Flying Nodes – Sensor Enabled Seabed Landing AUV nodes for improved offshore CCS monitoring (Flexible Funding 2021)

Anna Lichtschlag at the National Oceanography Center Southampton was awarded funding in the UKCCSRC’s Flexible Funding 2021 Call to look at “Sensor Enabled Seabed Landing AUV nodes for improved offshore Carbon Capture and Storage (CCS) monitoring”.

Within Europe, much of the geological capacity for storing CO2 lies in reservoirs that are located deep below the seafloor, such as depleted oil and gas reservoirs. These offshore storage reservoirs might play an important role in CCS as they are large and the infrastructure for transport and storage often already exists. Although these reservoirs are likely to safely contain the CO2 over geological times, national and international regulations require that these offshore storage complexes are monitored to assure that no CO2 escapes into the seawater or the atmosphere.

Currently, one of the most efficient ways to monitor these offshore storage complexes is with sensors that either measure the CO2 directly in the seawater above the complex or related parameters such as pH (as the water becomes more acidic when CO2 dissolves). These sensors can either be mounted on autonomous underwater vehicles (AUVs) that survey the area or on stationary platforms, deployed on the seafloor. Both of these approaches have some limitations, e.g. they are either very costly or only cover a small area.
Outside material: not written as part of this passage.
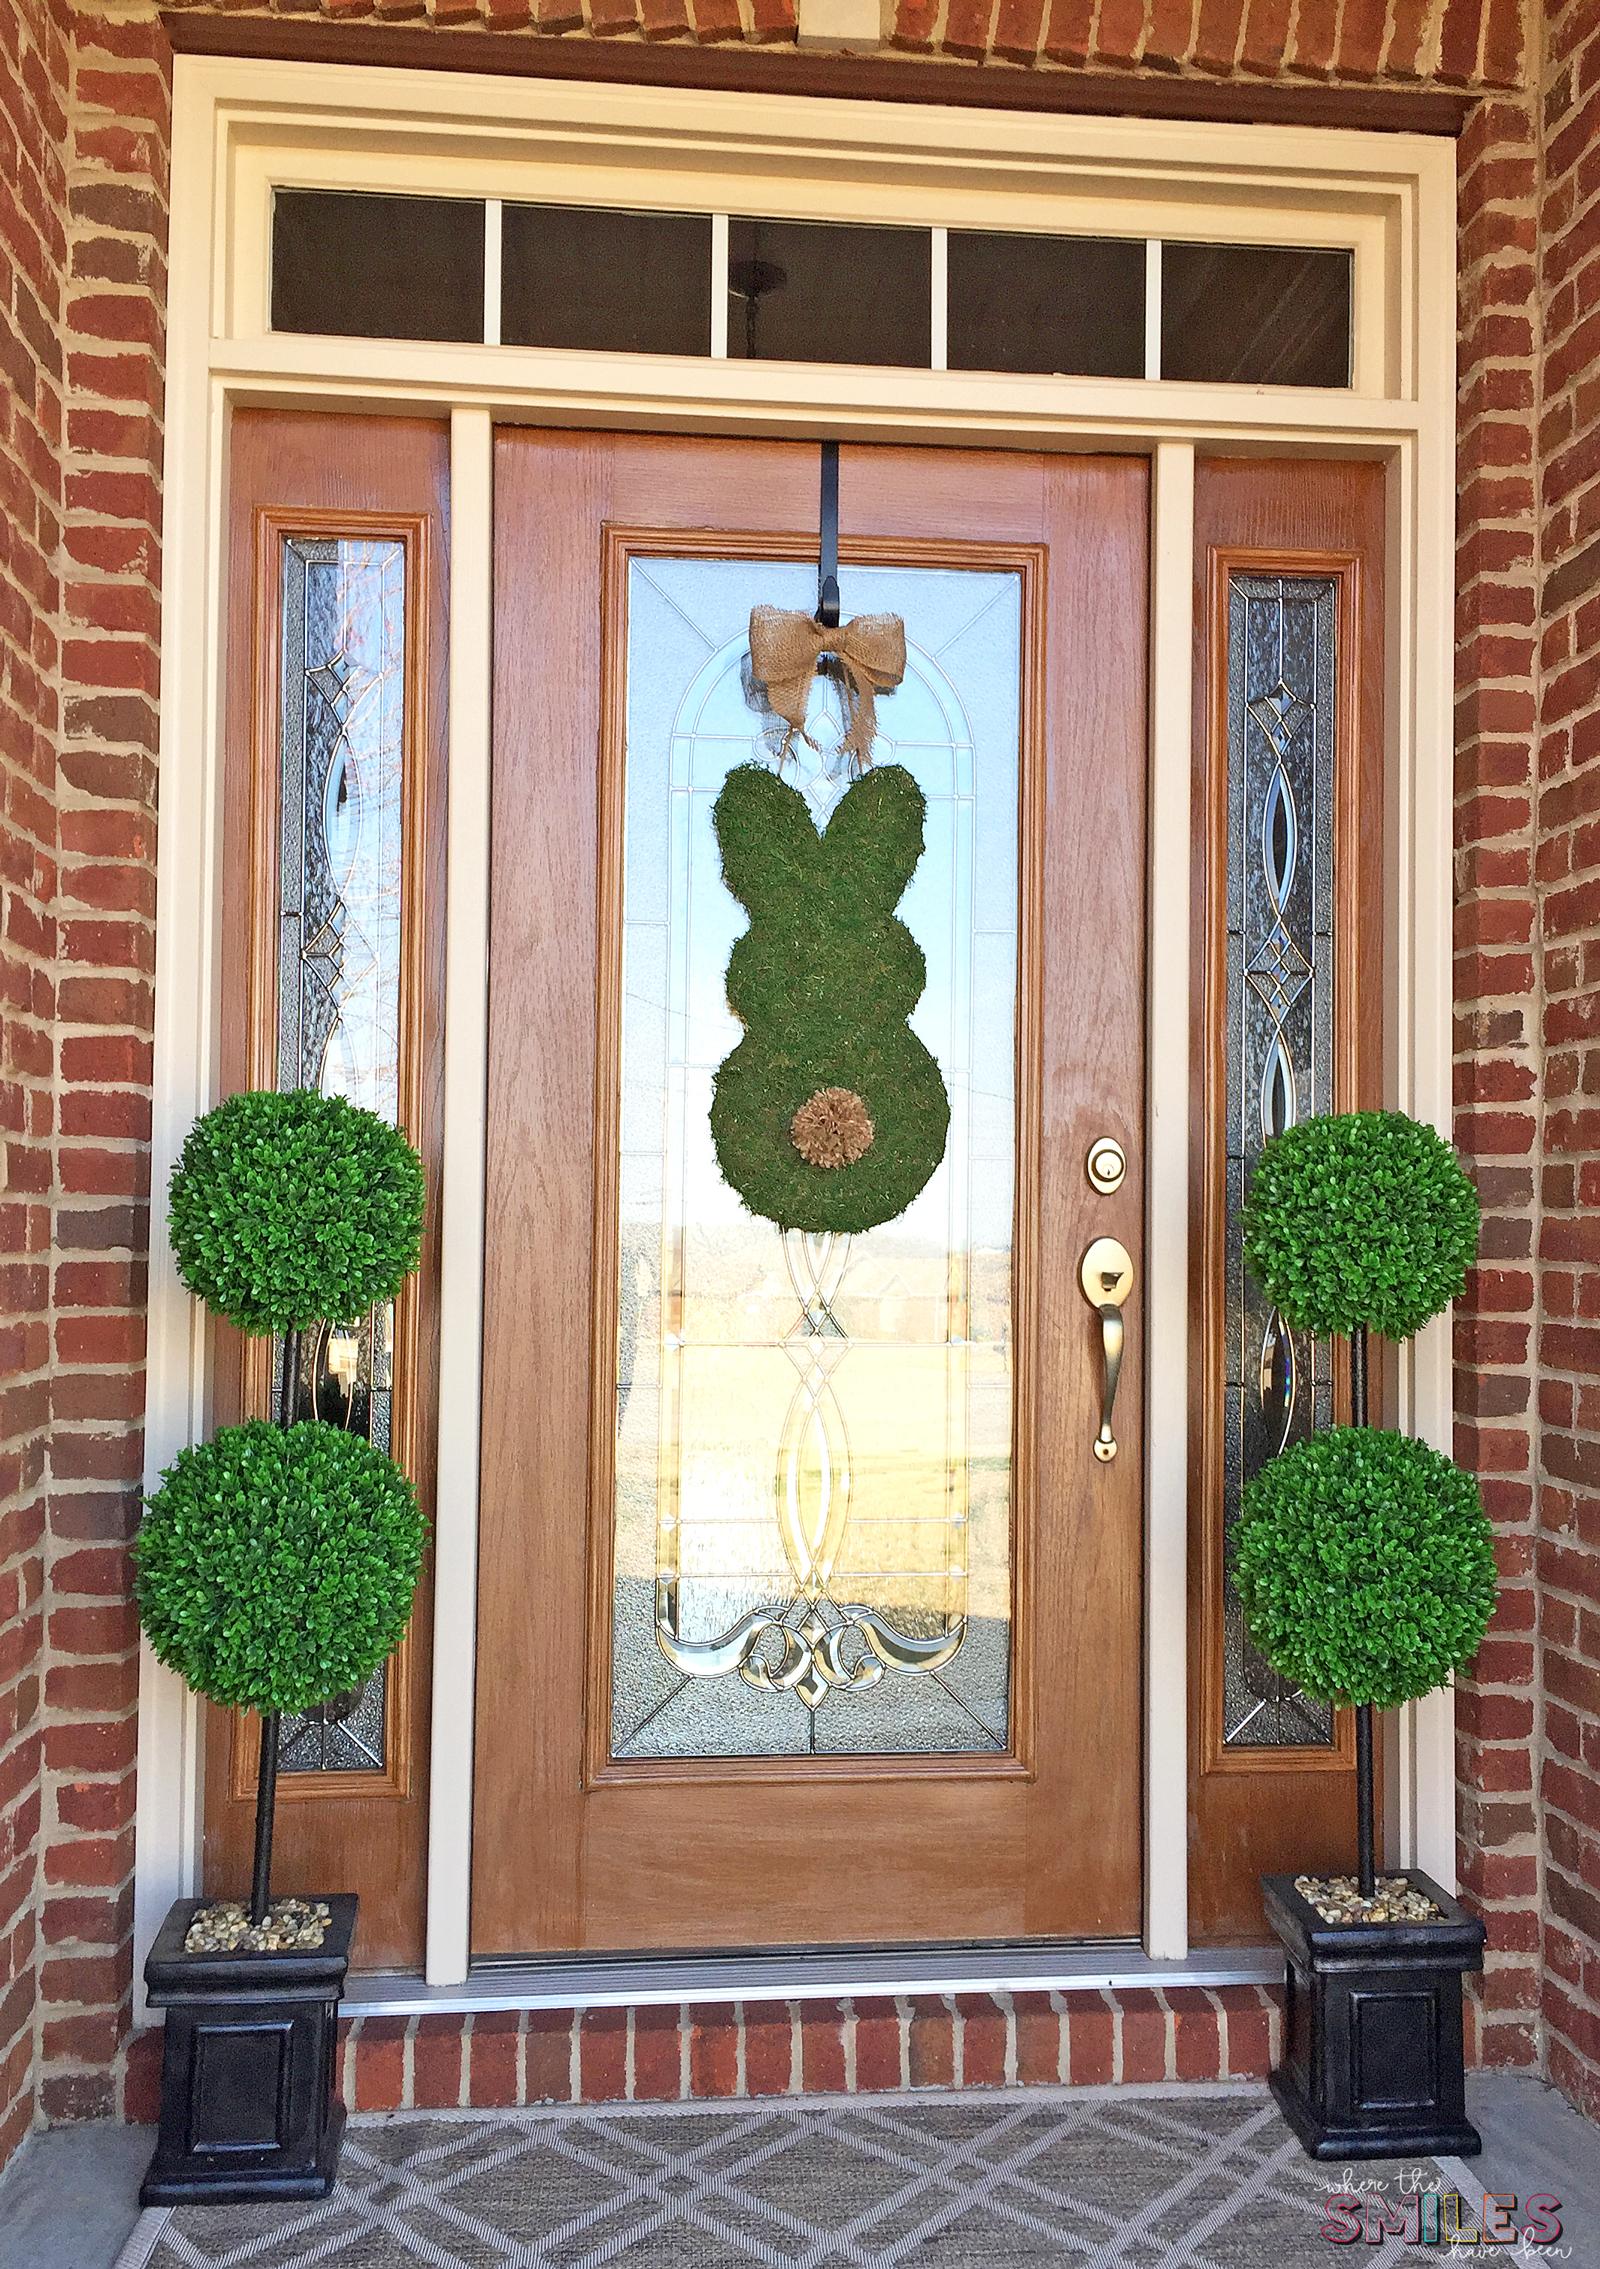 Simple Moss Covered Bunny Door Hanger for Spring

In our UKCCSRC funded project, we assessed the possibility of a new approach that would combine the advantages of both monitoring platforms, i.e. novel seabed-landing AUVs (so called ‘Flying Nodes’) that are developed by Autonomous Robotics Ltd. (ARL). In particular, we tested if we can integrate the long-term deployable Lab-on-Chip chemical pH sensors, developed at the National Oceanography Centre Southampton, on these seabed-landing AUVs and how these sensor-enabled Flying Nodes then could be used to monitor potential CO­2 leakage.

For this, we first designed a specification and tested how NOC’s pH sensors can be electronically and mechanically integrated into a Flying Node, and also established how the pH sensor and the Flying Node software can be integrated. This was followed by a first successful communication test between the two technologies. We concluded that the integration will be possible and ascertained that the Flying Node has the required capacity to fly properly whilst carrying all components of the sensor. As a next step, we used the commercial Comsol Mulitphysics software to identify the requirements of a potential deployment of the sensors-equipped Flying Nodes. Assuming a typical North Sea scenario, our model results showed that, for a small CO2 leakage rates (below 500 kg/d), the monitoring should occur as close as possible to the seafloor as this increases the detectable area of the plume (i.e. ca 100 m longer at 0.5 m height compared to 3 m height). The CO2-enriched plumes in the modelled setting are long (hundreds of metres), but thin and close to the seafloor, suggesting that a monitoring pattern of transverse sampling across the potential plume location, some tens of metres downstream of the likeliest release sites, would be the most successful strategy.

As part of this project we closely worked together with Autonomous Robotics Ltd. (ARL) who develop the Flying Nodes and we are very grateful for their contributions and the productive discussions during this project.